Оглянувшись, он увидал отца Дмитрия, стоявшего по грудь в проёме чердака, и мысленно пожурил себя за сон. Затем словно нехотя расправил мышцы, медленно привстал на руки и лёгким движением водрузил себя на ноги. Стопы тот час же пронзили миллиард тонких игл – приятное колющее тепло тут же разбежалось по телу…
-Да где там печалиться, батюшка. Вот, думаю о том, с чем пришёл к тебе. А ты как-то не торопишься…
-А мне зачем торопиться? Жизнь как песок речной, струится тихо и неспешно. И дело, ради которого живём, которому служим – защита Отечества, тоже торопления не терпит. Время разбрасывать камни и время их собирать, сказал мудрый царь Соломон. Хоть и еврей, но мудрый был, прости Господи, - отец Дмитрий осенил себя продолжительным крестом. – Спускайся-ка вниз. Чаю попьём с ватрушками, поговорим о нашем деле.
Васька весьма охотно проделал обратный путь по крепко сбитой лестнице, предварительно отряхнцв свой синий, заношенный костюм от соломы, паутины и пыли.
-А жена… - начал было он, прислушавшись – было необычайно тихо…
-А матушку с детишками я нынче же отправил к свёкру – помогать по хозяйству. Старый он стал, старуху свою похорнил. И предлог хороший, и никто не подумает, что я от глаз запираюсь и кого-то укрываю.
-А что, могут подумать? – насторожился Васька.
На всякий случай он прицелился по почкам, в сонную артерию и затылок, чтобы оглушить священника, если тот вздумает предать.

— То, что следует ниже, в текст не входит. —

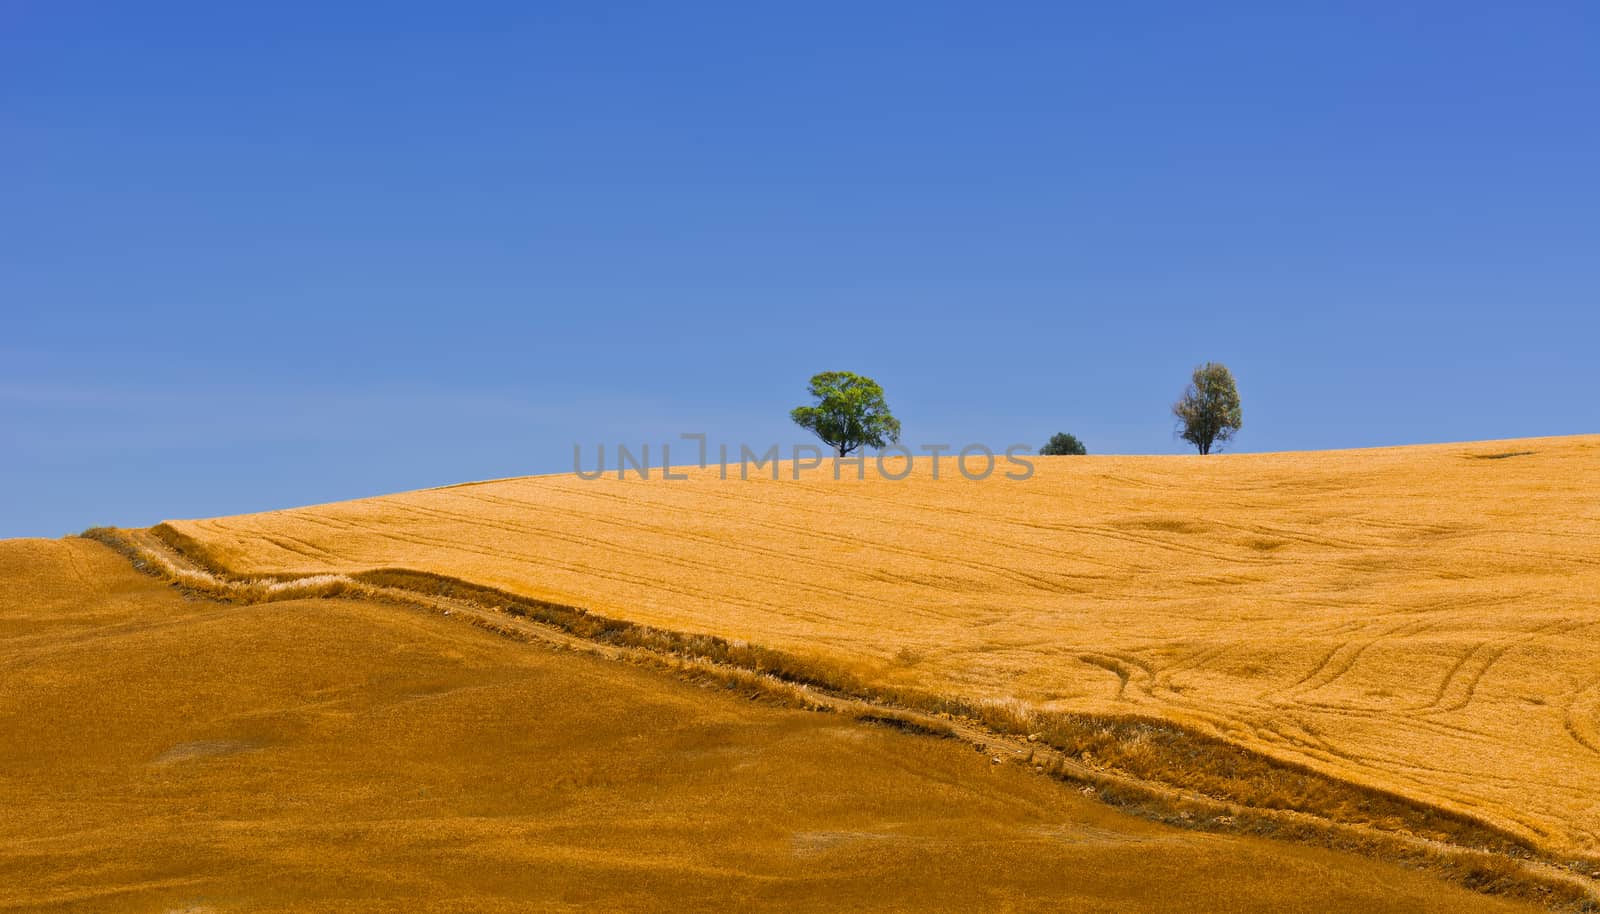 Wheat Fields by gkuna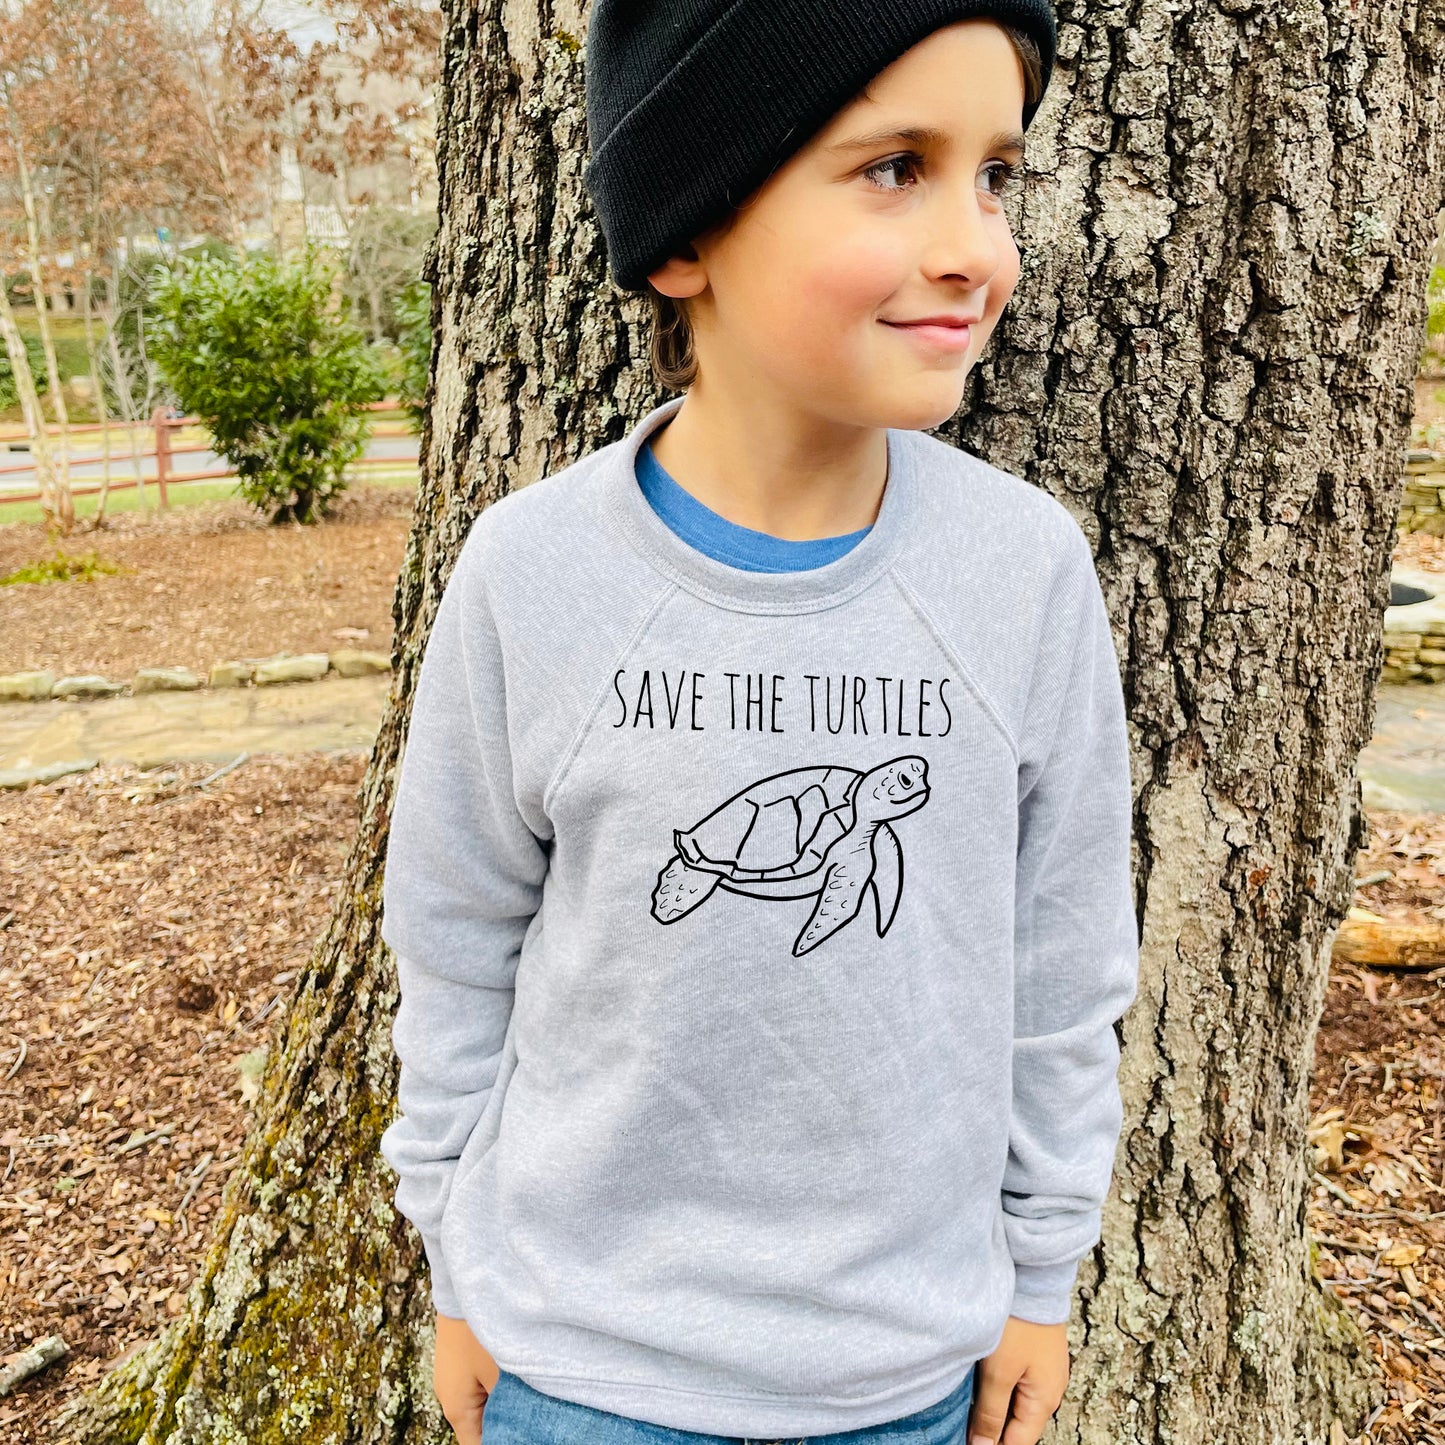 Save The Turtles - Kid's Sweatshirt - Heather Gray or Mauve

-Ты мысли подлые убери, сын мой. А то я их со пины чую, - рука отца Дмитрия превратилась в такой кулачище, что Ваське не по себе стало. – Ежели ко мне пришёл и пришёл наше общее дело вершить, не вздумай меня стращать подозрениями. Ежели пришёл – оставайся, ежели хочешь уйти, не доверяешь – уходи. Так и передай по начальству: мол, из доверия вышел поп. Весь был да вышел…
Васька хмыкнул:
-Ну, положим, думать как думаю – полагается мне по службе. Такая уж у меня служба, батюшка: всех подозревать и всех проверять. Да и у тебя тоже, раз с нами. А не понимать этого… - он нахмурился, взвешивая каждое слово. – Я конечно уважаю чувства верующих. Но вера, которая без сомнений, не поможет. Скорее навредит. Под сомнения всё нужно ставить, тогда подозрения отметутся. Иначе – в сплошном подозрении жить будешь и никакая вера не спасёт.
Отец Дмитрий остановился подле стола – лукавые искорки мелькнули из его глаз, скрытых ранее насупленными ресницами.
-То вера не в людей, а в Бога Вседержителя. Это сильней во стократ всех подозрений и всех приёмов хитрых, что сообразил человеческий ум. Даже пули сильней, от которому простому смертному несть защиты.
Лопаткой он вынул из печной заслонки горсть углей и засыпал их в златоглавый самовар. Затем вынул из-под лавки чистый, сияющий лаком сапог и принялся раздувать золотую горловину. Из буфета со стеклянными дверцами достал огромную фарфоровую тарелку, покрытую глазурью. На ней горкой высились ватрушки: все как на подбор здоровенные и толстые. От них исходила опара, и все они просились в рот.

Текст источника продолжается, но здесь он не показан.